Quote the entries below from the line with "Eureka PowerSpeed Bagless" through the line with "Besondere Orte in", both ends included, and only those lines.

### Exercise input

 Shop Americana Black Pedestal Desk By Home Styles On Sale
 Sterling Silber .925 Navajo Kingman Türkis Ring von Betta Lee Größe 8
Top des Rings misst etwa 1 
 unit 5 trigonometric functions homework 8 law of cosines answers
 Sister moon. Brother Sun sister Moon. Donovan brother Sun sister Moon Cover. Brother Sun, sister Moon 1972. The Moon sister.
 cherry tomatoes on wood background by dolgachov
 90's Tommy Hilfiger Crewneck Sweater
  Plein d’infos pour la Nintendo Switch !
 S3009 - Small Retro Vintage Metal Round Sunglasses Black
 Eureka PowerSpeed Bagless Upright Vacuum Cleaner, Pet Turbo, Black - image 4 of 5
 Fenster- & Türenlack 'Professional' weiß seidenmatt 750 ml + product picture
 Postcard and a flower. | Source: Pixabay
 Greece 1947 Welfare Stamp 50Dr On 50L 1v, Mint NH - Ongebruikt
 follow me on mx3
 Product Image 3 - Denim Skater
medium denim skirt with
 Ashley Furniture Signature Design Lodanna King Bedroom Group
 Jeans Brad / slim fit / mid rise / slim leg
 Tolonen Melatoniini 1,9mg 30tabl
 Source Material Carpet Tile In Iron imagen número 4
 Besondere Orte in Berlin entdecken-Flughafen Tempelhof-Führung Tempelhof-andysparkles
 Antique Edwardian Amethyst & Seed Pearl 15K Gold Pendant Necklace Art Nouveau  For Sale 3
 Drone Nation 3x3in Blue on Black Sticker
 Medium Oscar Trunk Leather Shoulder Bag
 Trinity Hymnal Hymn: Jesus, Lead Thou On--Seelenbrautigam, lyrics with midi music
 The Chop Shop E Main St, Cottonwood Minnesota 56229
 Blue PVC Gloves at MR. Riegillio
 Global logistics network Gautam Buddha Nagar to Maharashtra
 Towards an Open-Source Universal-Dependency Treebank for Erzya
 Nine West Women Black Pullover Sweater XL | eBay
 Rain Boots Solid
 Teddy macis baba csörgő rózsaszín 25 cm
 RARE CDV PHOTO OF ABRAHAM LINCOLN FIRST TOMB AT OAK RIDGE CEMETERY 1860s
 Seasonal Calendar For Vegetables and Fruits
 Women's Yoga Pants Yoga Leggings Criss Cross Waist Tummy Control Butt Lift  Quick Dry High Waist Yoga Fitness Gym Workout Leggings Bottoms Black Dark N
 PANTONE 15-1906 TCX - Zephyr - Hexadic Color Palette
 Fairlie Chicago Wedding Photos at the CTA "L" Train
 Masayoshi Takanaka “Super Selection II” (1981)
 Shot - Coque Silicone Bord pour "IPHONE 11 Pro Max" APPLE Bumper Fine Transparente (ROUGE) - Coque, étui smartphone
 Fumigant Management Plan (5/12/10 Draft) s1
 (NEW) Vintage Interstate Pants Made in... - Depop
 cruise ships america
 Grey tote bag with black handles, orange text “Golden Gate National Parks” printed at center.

######

*Answer to this task:*
 Eureka PowerSpeed Bagless Upright Vacuum Cleaner, Pet Turbo, Black - image 4 of 5
 Fenster- & Türenlack 'Professional' weiß seidenmatt 750 ml + product picture
 Postcard and a flower. | Source: Pixabay
 Greece 1947 Welfare Stamp 50Dr On 50L 1v, Mint NH - Ongebruikt
 follow me on mx3
 Product Image 3 - Denim Skater
medium denim skirt with
 Ashley Furniture Signature Design Lodanna King Bedroom Group
 Jeans Brad / slim fit / mid rise / slim leg
 Tolonen Melatoniini 1,9mg 30tabl
 Source Material Carpet Tile In Iron imagen número 4
 Besondere Orte in Berlin entdecken-Flughafen Tempelhof-Führung Tempelhof-andysparkles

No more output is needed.